The Nazgul is slain, lying on the ground, no longer even gasping for air, no longer able to pester me with it’s foul breath. No man could kill it; indeed, I am happy that I had to do the honours myself, for this Nazgul was mine alone to slay. Both the decision to fight it and the lethal sting were mine alone.

As of tomorrow, I shall no longer be working at the post! A replacement has been found and as I’ll be going home for a week in any case, it was thought I could just as well stay home. And I rejoice! I was heading home for a funeral only, but staying on for my awakening.

This Nazgul, laying dead by my feet, has been a companion for a long time. It’s been rather large, frightful and enslaving, and most of all I wanted to ignore it or even just tame it – or, at least pretend it was tame. All the same, it slept as I slept, it stayed away as I wandered in the woods wondering about it. But as I headed off to work to do the very things I was trained to do, alas, it awoke.

This Nazgul did not equal work. It was the spirit of false loyalty and duties, the very same that would keep me a tied down captive. But fettered to what? Perhaps to status quo.

What now, after this sudden full stop? I shall apply for a part time job at a congregation, doing the things I always tell people I love doing. Youth work, kid’s clubs and coordinating/councelling voulunteers. If my application is accepted, the work will begin within a week! At first, I thought this very placement would be the easy way out and at first I was going to reject it for that very reason. However, I think I beging to see it as providence, not a way out. Why should I not work with something that doesn’t even feel like work?! (To quote my sister: “I don’t work, I dance!
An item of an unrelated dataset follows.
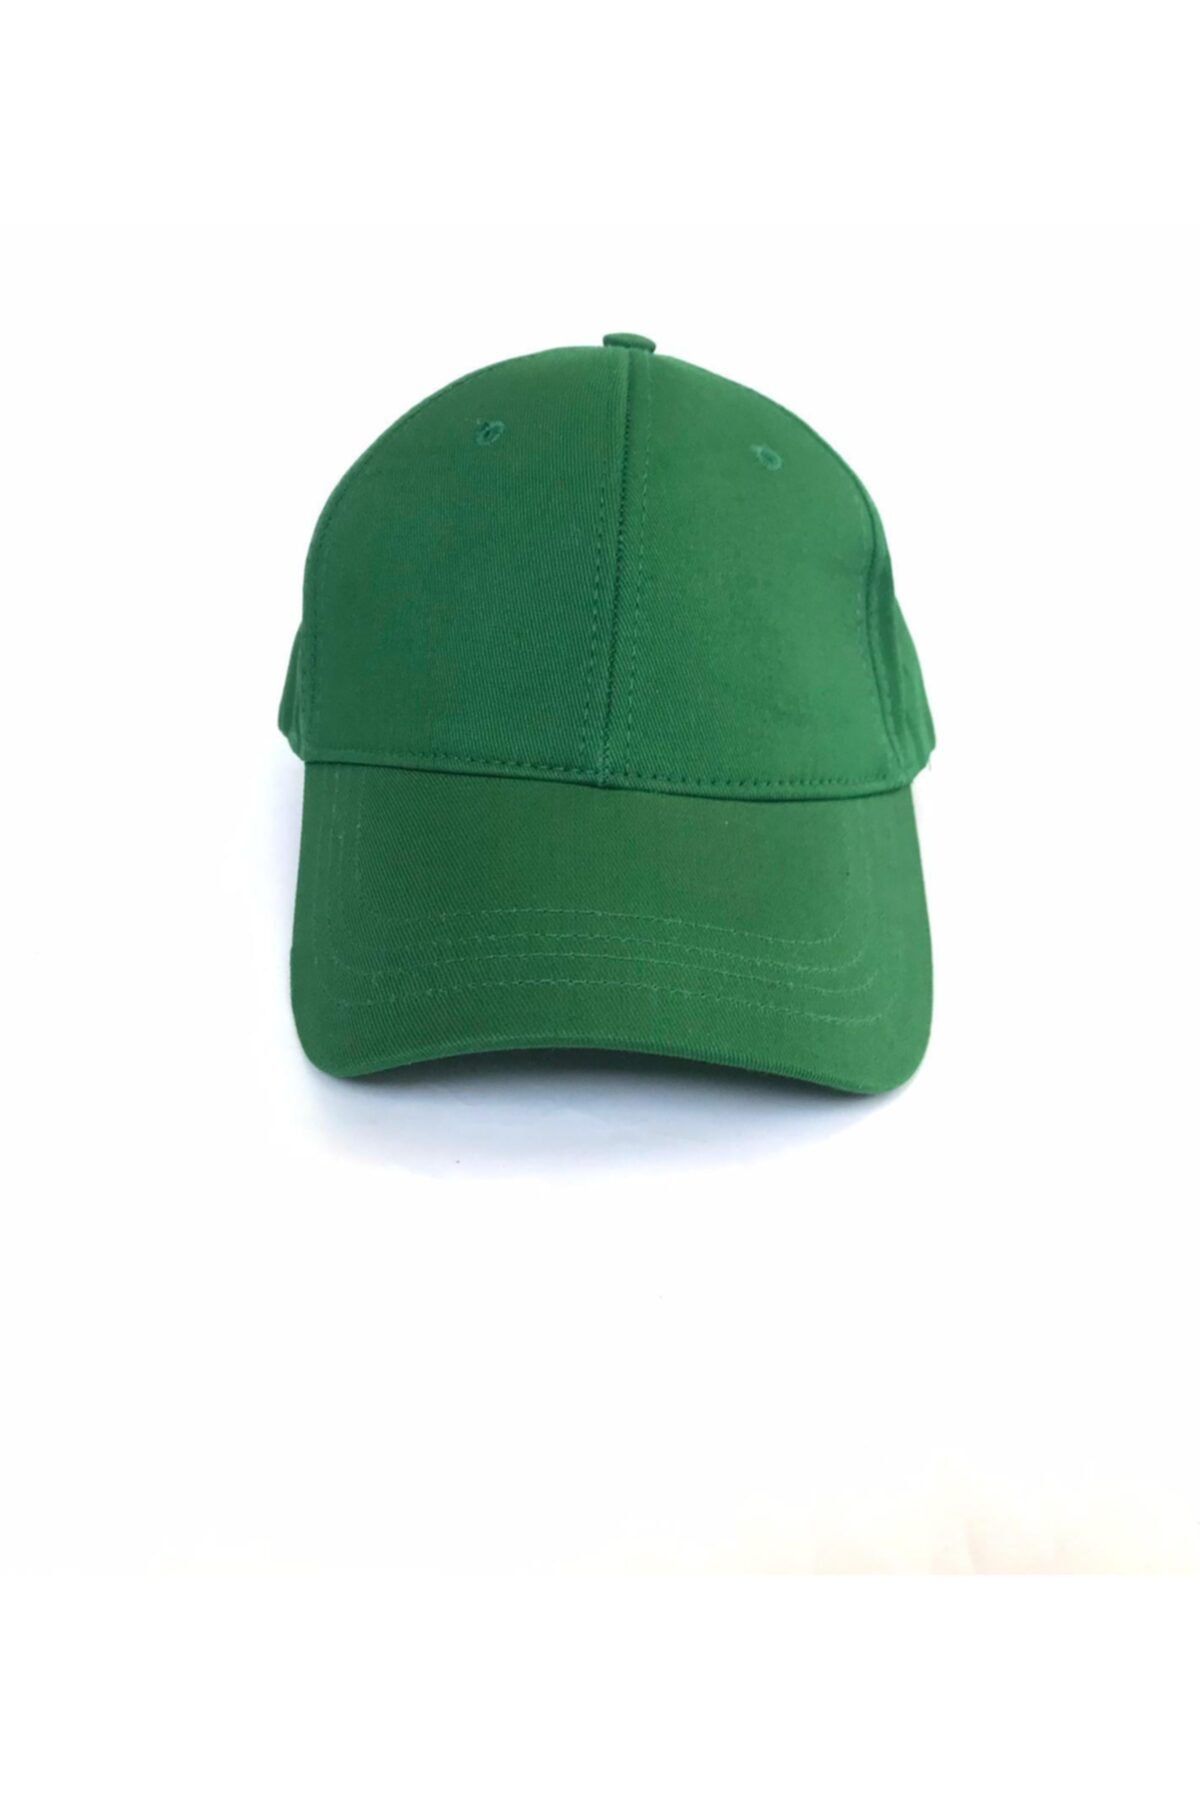 salarticaret Unisex Koyu Yeşil Spor Arkası Cırtlı Ayarlanabilir Şapka 55-60 Cm

I only do things that are fun!” :) )

So dear reader and friend, pleace join me is this adventure!

2 Comments

  1. Manda said,

    August 26, 2008 at 11:01 pm

    I andra matcher hejar jag oftast på förlorarna för att uppmuntra, men i detta fall hejar jag på vinnaren! :) Jag var/är på din sida i din kamp. Du får välja vad du gör av ditt liv. Gud kommer att vara med dig hur du än väljer, men jag tror att du gör rätt i att söka dig till stället där du kan använda din fulla potential utan att trötta ut dig. Bra! Får man fråga vilken församling det är frågan om? EN STOR STOR VÄLKOMMEN HEM-KRAM

  2. tinktuura said,

    August 26, 2008 at 11:52 pm

    Utan att næmna några namn, men den befinner sig vid de barrtrædsbeklædda kullarna, i finlandssvenskhetens næste, dær de inføddas dialekt mobbas av the multitudes ;)

    Tack Manda att du ær med mig. Jag vet att du ær det. Samma sorts kram till dig också. Ser fram emot att ge den i verkliga værlden! Snart!!